Portland Tribune
Even if you don’t have a pot to put a pea in, you will be surprised to learn you have enough space for a garden on your balcony, patio or outside your studio apartment window. Why not grow an “Edible Sunshine Theme Garden” in a container on your balcony? You’ll harvest cherry tomatoes, thyme, sage, marjoram and have edible flowers such as Daylilies and Calendula to dazzle your display all summer long.

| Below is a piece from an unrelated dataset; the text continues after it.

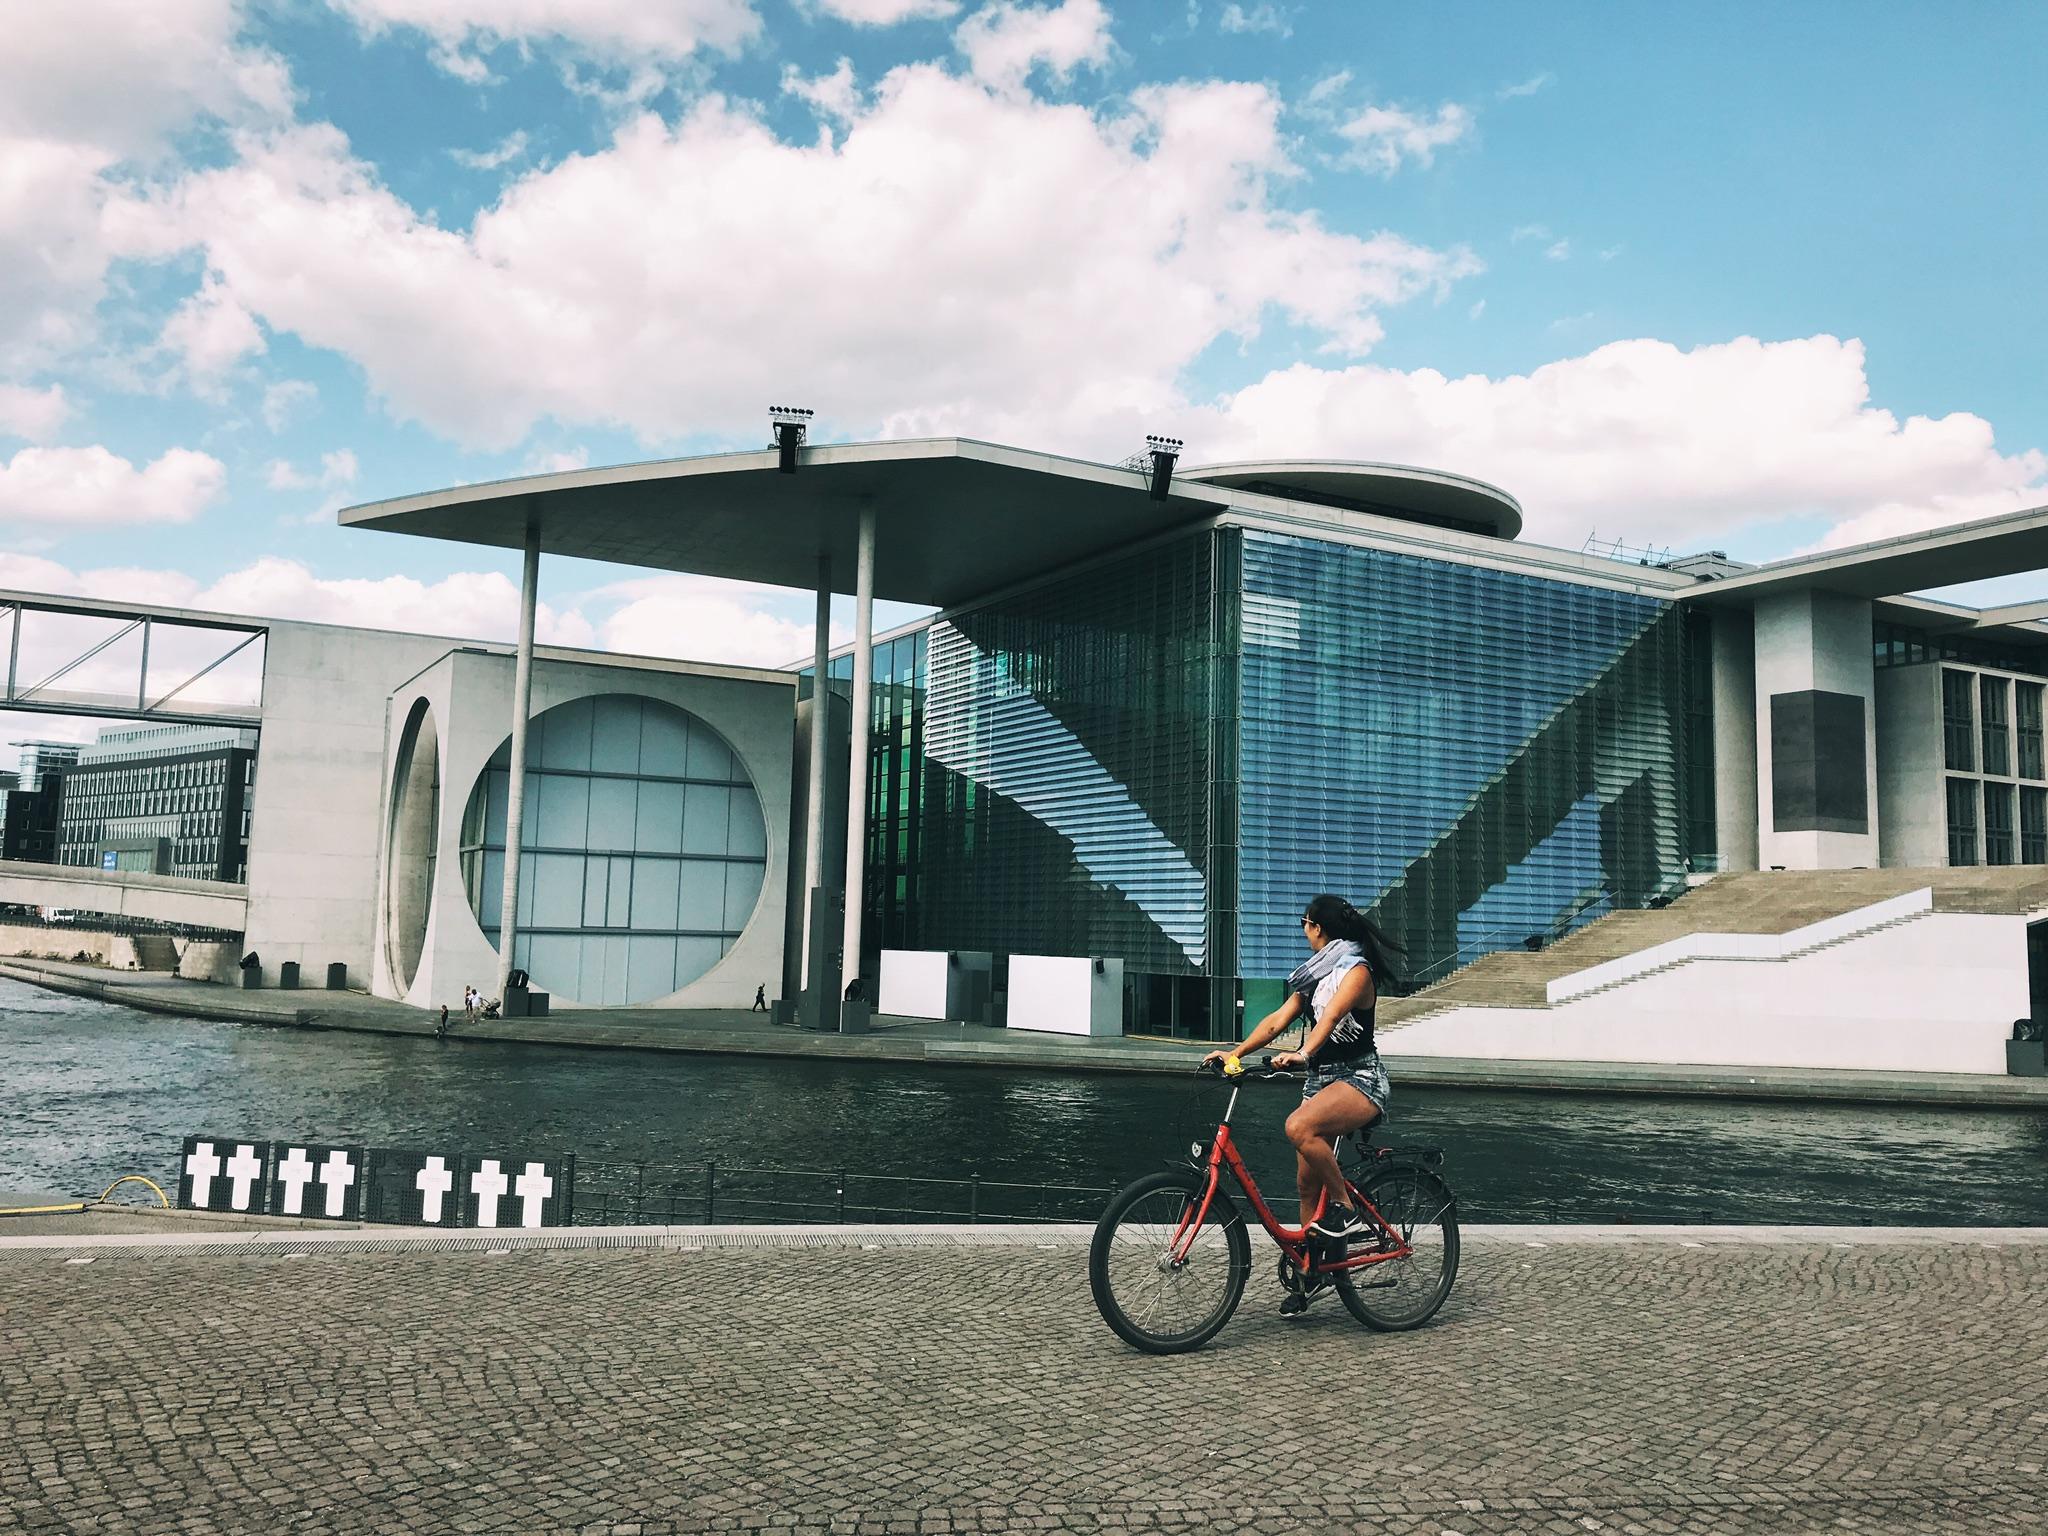 Admiring Berlin's architeture

Or if you can squeeze in a planter 2 feet wide a “Dinner at the Four Seasons Theme Garden” settles your reservations. This patio pot has an 8 foot tall columnar apple tree (no branches but plenty of fruit) smack dab in the middle. In spring, Malabar spinach will climb up the tree trunk and sprigs of chives will ward off apple scab. When the spinach is harvested plant dwarf basil and Tagetes marigolds (a.k.a. Mexican Tarragon with marigold colored single flowers in clusters). Okay, then, when the basil is nipped by frost plunk in some pansies there. Get the idea? Wonderful, huh? We’re not stopping until every terrace, rooftop, houseboat or porch has a pot with not only a pea inside but just about anything else you can harvest, eat and enjoy as well. Where do you find the creativity to pull it all off? These concepts are mere snap shots of wisdom from a wonderful new book that takes all the guess work out of patio gardening. “The Bountiful Container” by two Oregon women Rose Marie Nichols McGee and Maggie Stuckey can be gobbled up all at once or nibbled bit by bit. Look, I’m not a book reviewer. I read. I garden. (I think both make me uniquely qualified to blather on about garden books that are worth our time because they save us time.) But let me tell you, these authors have done the leg work for us. Rose Marie is president of Nichols Garden Nursery one of the best specialty seed nurseries. And garden author Maggie Stuckey lives in a condominium brimming with a bountiful container or two or three on a concrete patio no bigger “than a picnic table”. Their book is chock full of gardening secrets we can all use. From tips on growing “Powerful Peppers” (place one paper match from a cardboard book of matches and a spoonful of crushed egg shells in the soil under every transplant!) to advice on preventing pot pillaging from your porch (thread a metal cable through the drainage holes at the bottom of the pot before you fill it and fasten the other end to something stationary, such as a handrail or drainpipe.) The Bountiful Container has a zillion ideas with step by step instructions on each one. Heck this book could write the reunion script for Green Acres in the city. In this episode, Eva Gabor would adore her penthouse view while hubby is a city farmer out on the balcony.